News / Middle East

    Iraq Parliament Elects New Speaker

    Armed Shi'ite volunteers, travel in a vehicle before taking their positions during a patrol after clashes with militants of the Islamic State, formerly known as the Islamic State in Iraq and the Levant on the outskirts of Samarra in Salahuddin province, July 13, 2014.
    Armed Shi'ite volunteers, travel in a vehicle before taking their positions during a patrol after clashes with militants of the Islamic State, formerly known as the Islamic State in Iraq and the Levant on the outskirts of Samarra in Salahuddin province, July 13, 2014.
    Edward Yeranian

    Despite attempts to prevent a vote, the Iraqi parliament elected Sunni politician Selim al-Jabouri as its new speaker on Tuesday. The conflict, however, over who will fill the more important positions of prime minister and president remains unresolved.

    The Iraqi parliament broke an impasse Tuesday, electing its new speaker, with a majority of 194 votes. Two previous sessions had ended in a deadlock, after key political blocs withdrew, preventing a necessary quorum for the vote to take place.

    In a sign of a political thaw, members of parliament loyal to former Prime Minister Iyad Allawi agreed to attend Tuesday's session, and were sworn in, after boycotting the two previous sessions.

    Contentious vote

    One Shi'ite member of parliament complained the vote was unconstitutional, due to what she claimed were illegal procedures. The vote, however, went ahead without a hitch.

    Despite unruly outbursts from several members of parliament and commotion at several points in the debate, rival Shi'ite, Sunni and Kurdish political factions appeared eager to reach some sort of an agreement.

    The conflict over who will be Iraq's prime minister, though, remains unresolved. Outgoing Prime Minister Nouri al-Maliki is hoping to retain his position for a third term. He faces major opposition from Sunni, Kurdish and some Shi'ite political blocs.

    Hilal Khashan, who teaches political science at the American University of Beirut, thinks that only by finding a replacement for Maliki will Iraq's thorny political conflict be resolved.

    "The most important development for putting Iraq on the road to national reconciliation has to do with finding a replacement for al-Maliki.

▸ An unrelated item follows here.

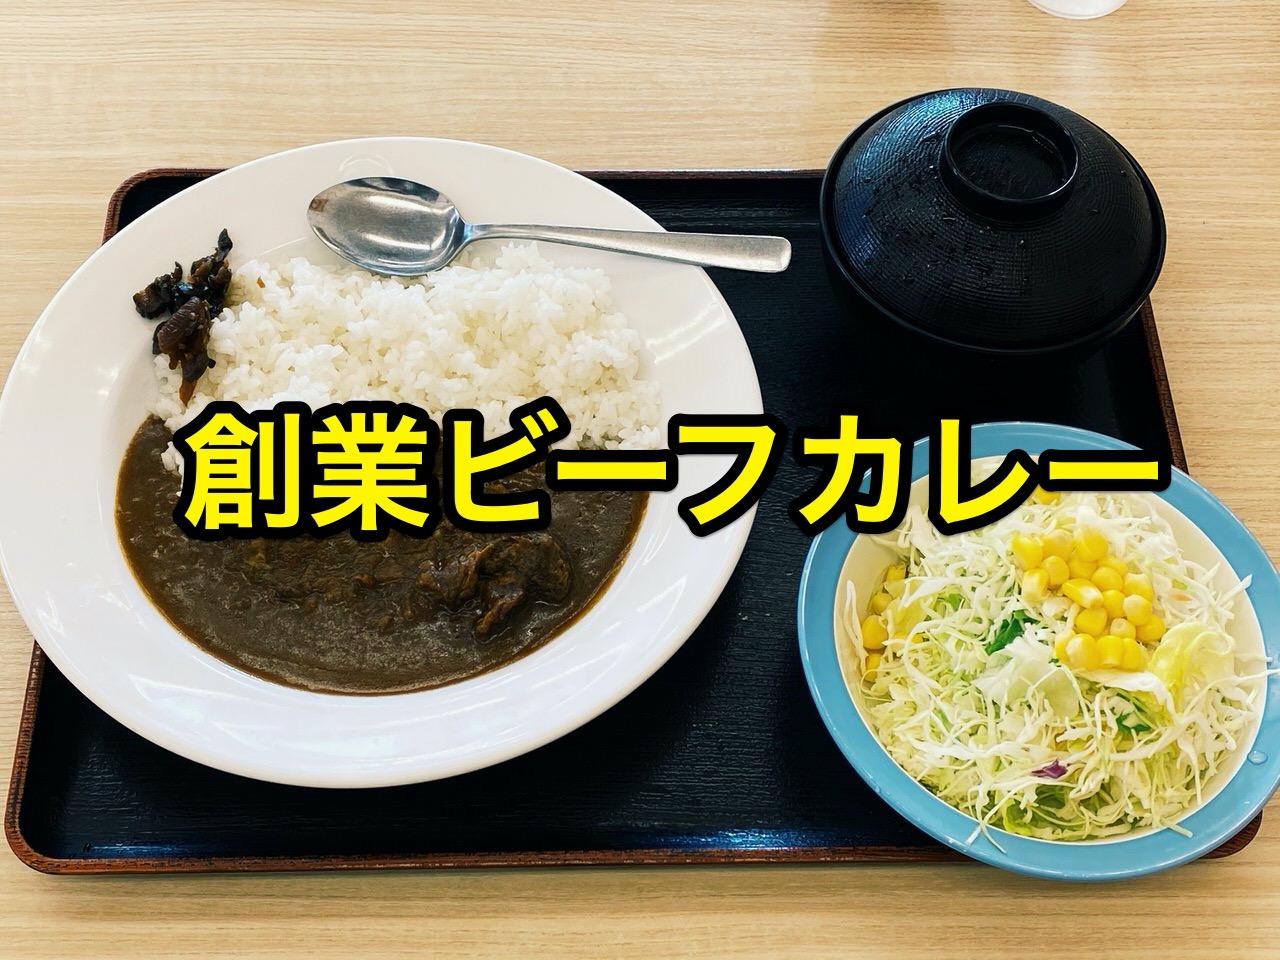 【松屋】オリジナルカレーからバトンタッチした「創業ビーフカレー」を食べてみた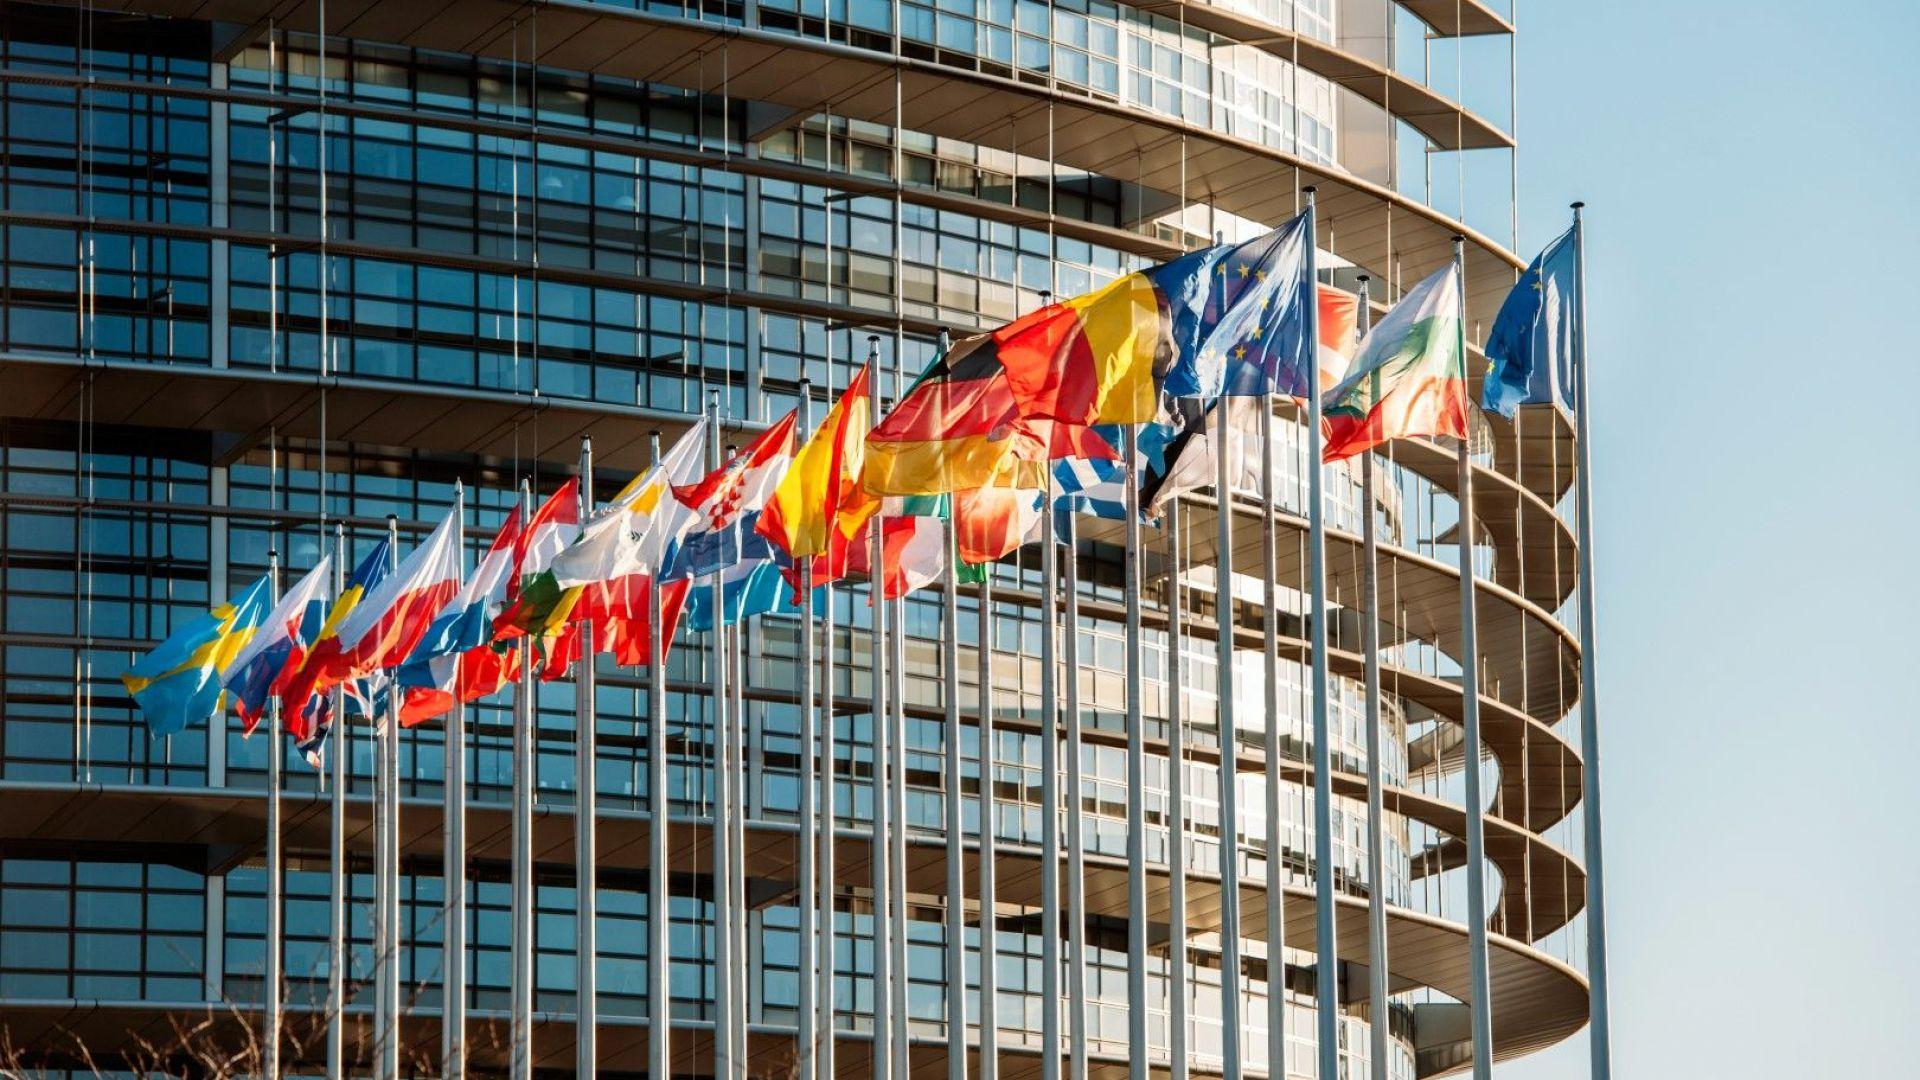 ЕП прие остра антируска резолюция: иска още санкции

Maliki is unacceptable to Sunni Arabs, to Kurds and to many Iraqi Shi'ites," said Khashan. "However, Jabouri's election represents a step in the right direction."

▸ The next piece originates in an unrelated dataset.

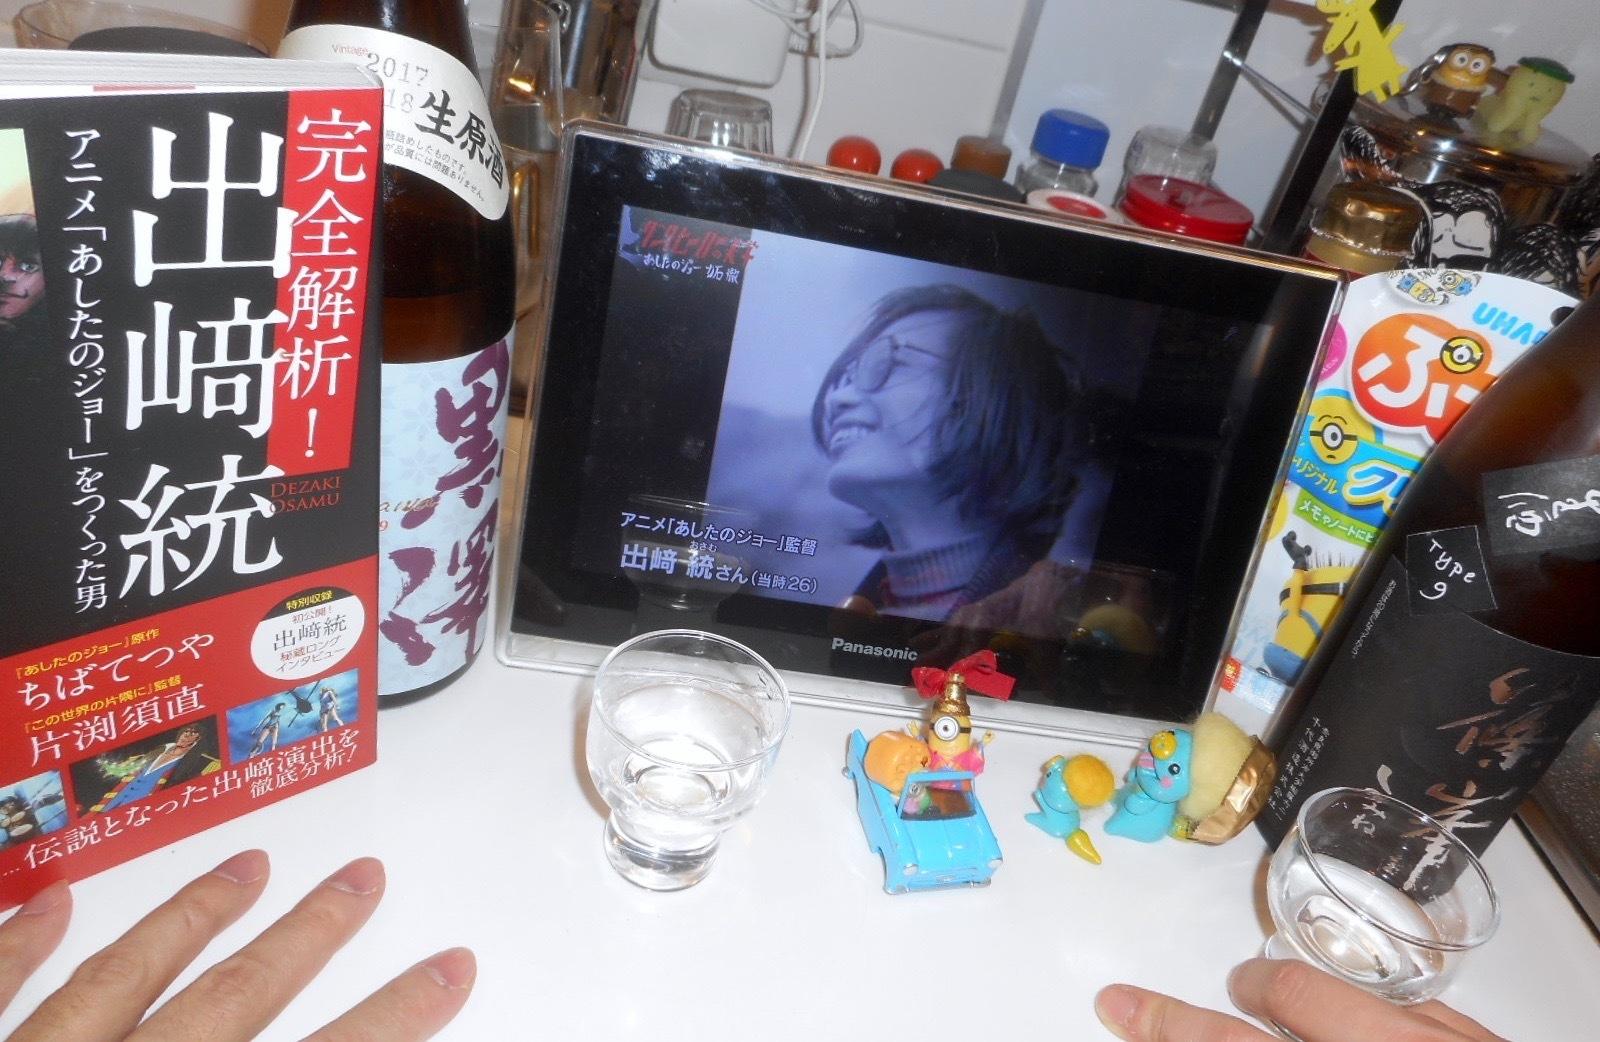 shinomine_type9_29by2_6.jpg

    Tenuous situation ahead

    Former Parliament Speaker Osama Nujeify told journalists that Maliki's possible re-election as prime minister would mean a further deterioration of the situation in the country and that there is consensus among most politicians over the need for a change.

    Al-Arabiya TV reported that Maliki met at length Tuesday with the new parliament speaker Selim al-Jabouri, ostensibly to request his support. Jabouri has said in the past that he would not support a third term for Maliki.

    On the ground, government forces claimed to have recaptured the southern part of former leader Saddam Hussein's hometown of Tikrit. There was no independent confirmation of the claim. Government forces have been battling Sunni insurgents over Tikrit for days now, amid conflicting reports over who was winning.